Imitation Learning for Manipulation: BC, DAgger, ACT

Why Imitation Learning for Manipulation?

In Part 1 of this series, we discussed grasping -- the problem of picking up a single object. But real-world manipulation is far more complex: feeding food into a box, inserting bolts into holes, opening bottle caps... These tasks involve long horizons, multiple steps, and are difficult to code by hand (hard-coding).

Imitation Learning (IL) solves this problem by: instead of coding each step, let the robot watch a person do it and learn from that. A human teleoperates the robot to perform the task 50-100 times, collecting data, then train the policy via supervised learning.

It sounds simple, but challenges like distribution shift, multimodal actions, and compounding errors make IL more nuanced. This post covers the journey from basics (Behavioral Cloning) to state-of-the-art (ACT), with practical code and real-world tips.

If you haven't read the IL overview, see Imitation Learning 101 in the AI for Robotics series.

Teleoperation for robot manipulation -- collecting data from human operator

Data Collection: Teleoperation

Why Data Quality is Everything

In IL, data quality determines 80% of success. A policy trained on 50 high-quality demonstrations outperforms one trained on 500 poor demonstrations. "Good" means:

Consistent: For same task, human performs similarly across episodes
Diverse enough: Covers various initial conditions (object position, angle...)
Smooth: No jerkiness, no pauses between steps, even speed

Teleoperation Methods

Method	Cost	Data Quality	Setup Difficulty
Keyboard/joystick	Low	Low (jerky, slow)	Easy
VR controller (Quest 3)	~$500	Medium	Medium
Leader-follower (ALOHA-style)	~$5,000-32,000	High (most natural)	Hard
Kinesthetic teaching	0 (just cobot)	High	Easy (but tiring)

Leader-follower is the gold standard today: you control a leader robot arm, the follower robot arm copies movement exactly. This is how ALOHA and Mobile ALOHA collect data -- natural, accurate, and scalable.

If you don't have ALOHA hardware, LeRobot SO-100 from Hugging Face (~$300) supports leader-follower with 2 cheap robot arms.

Data Format

Each demonstration episode contains:

# Each timestep t in episode
{
    "observation": {
        "images": {
            "cam_high": np.array([480, 640, 3]),   # RGB top camera
            "cam_wrist": np.array([480, 640, 3]),   # RGB wrist camera
        },
        "qpos": np.array([6]),      # joint positions (6-DoF arm)
        "qvel": np.array([6]),      # joint velocities
        "gripper": float,           # gripper opening (0-1)
    },
    "action": np.array([7]),        # target joint positions + gripper
}

Note: action space can be joint positions, velocities, or end-effector pose (Cartesian).

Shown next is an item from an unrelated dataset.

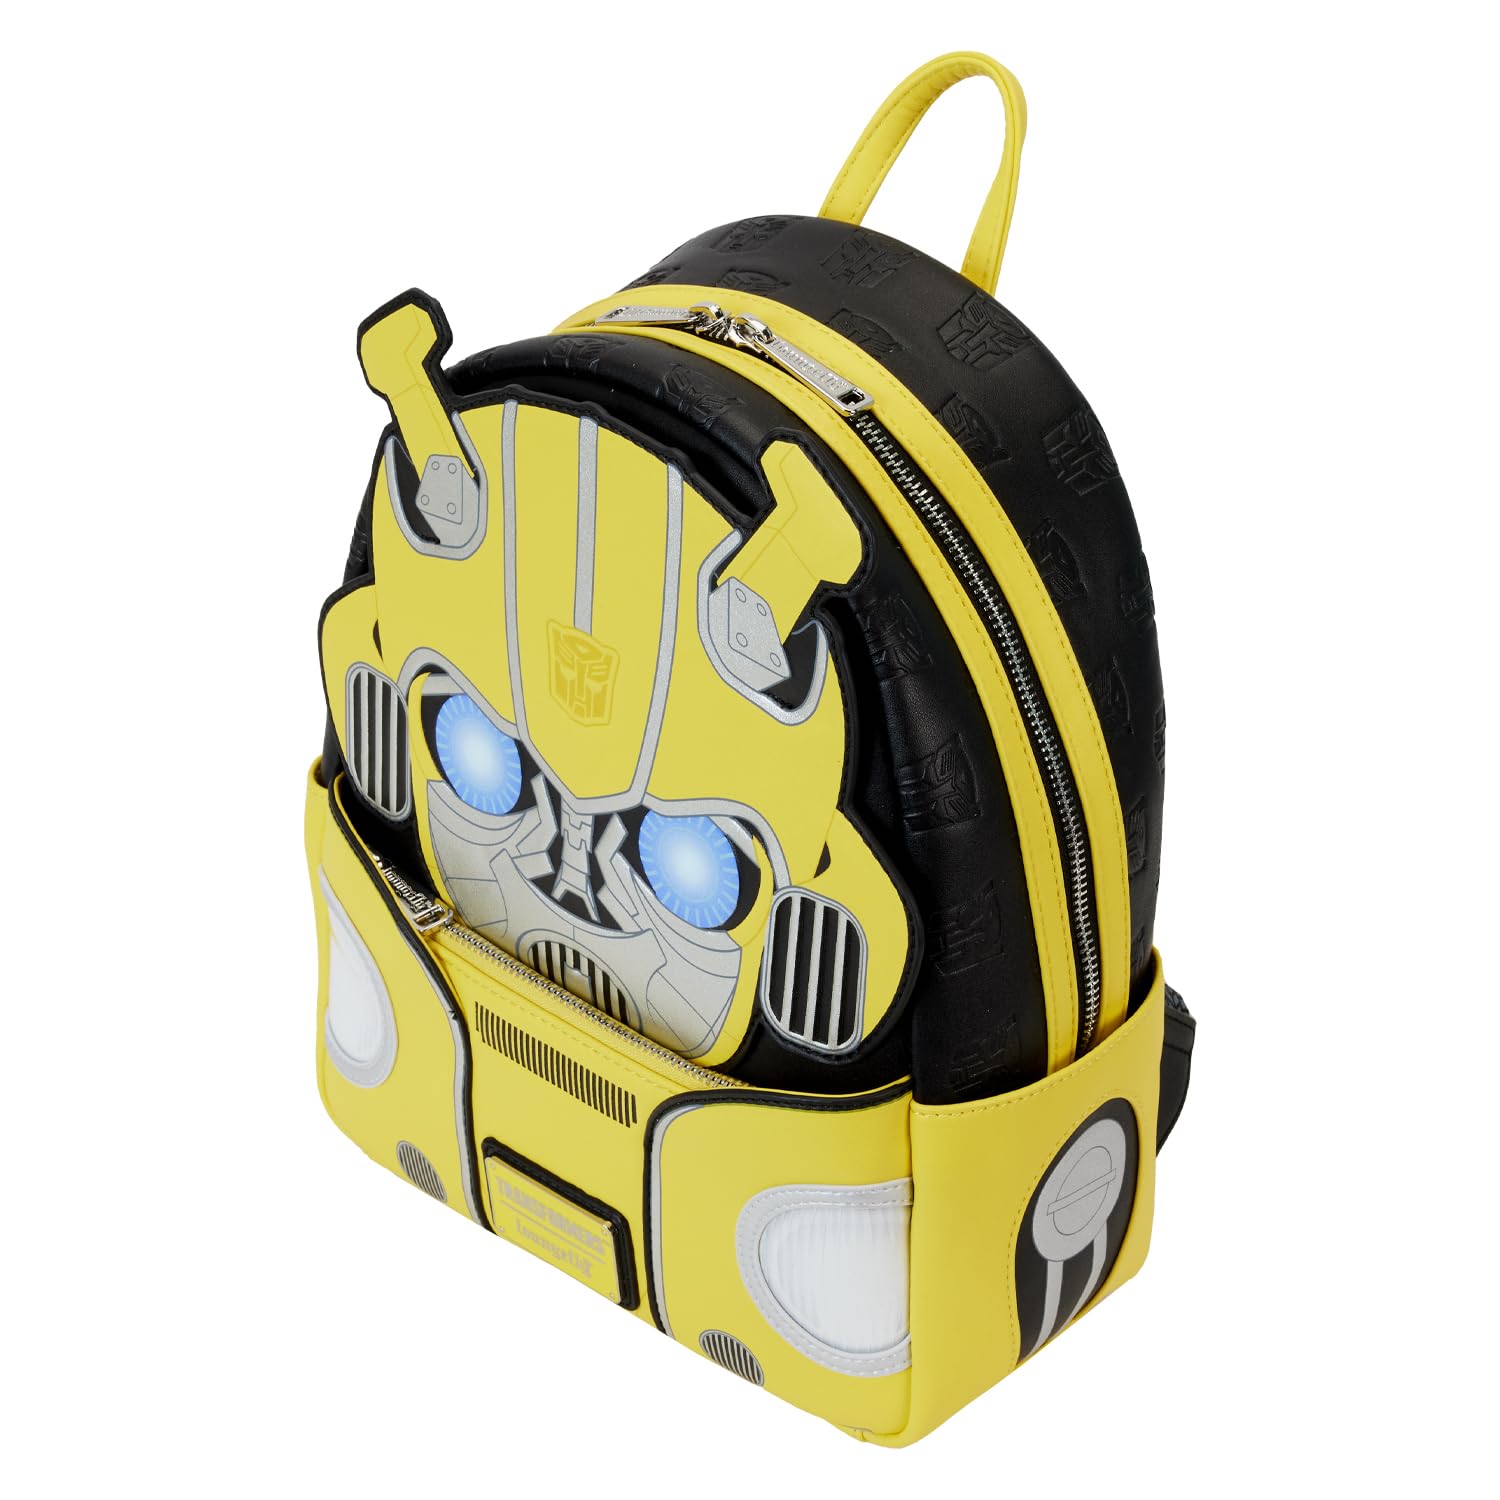 Loungefly Hasbro Transformers Bumblebee Mini-Backpack, Amazon Exclusive

Joint positions are most common for stability and reproducibility.

Behavioral Cloning (BC): Basic Supervised Learning

Concept

BC is the simplest approach: treat IL as supervised learning -- input is observation, output is action, loss is MSE between predicted and expert action.

import torch
import torch.nn as nn

class BCPolicy(nn.Module):
    def __init__(self, obs_dim, action_dim, hidden=256):
        super().__init__()
        self.net = nn.Sequential(
            nn.Linear(obs_dim, hidden),
            nn.ReLU(),
            nn.Linear(hidden, hidden),
            nn.ReLU(),
            nn.Linear(hidden, action_dim),
        )

    def forward(self, obs):
        return self.net(obs)

# Training loop
policy = BCPolicy(obs_dim=18, action_dim=7)
optimizer = torch.optim.Adam(policy.parameters(), lr=1e-4)

for epoch in range(100):
    for obs, action in dataloader:
        pred_action = policy(obs)
        loss = nn.MSELoss()(pred_action, action)
        optimizer.zero_grad()
        loss.backward()
        optimizer.step()

The Distribution Shift Problem

BC has a critical issue called distribution shift (or compounding error):

During training, policy sees states from expert trajectories (on-policy data)
During deployment, policy makes slightly wrong action → robot enters unseen state
At this novel state, policy predicts even worse action → larger deviation
After few steps, robot is in completely different state from expert training data → task fails

Small errors at step 1 accumulate into large errors at step T. For 100-step task, only 1% error per step results in ~36% success rate.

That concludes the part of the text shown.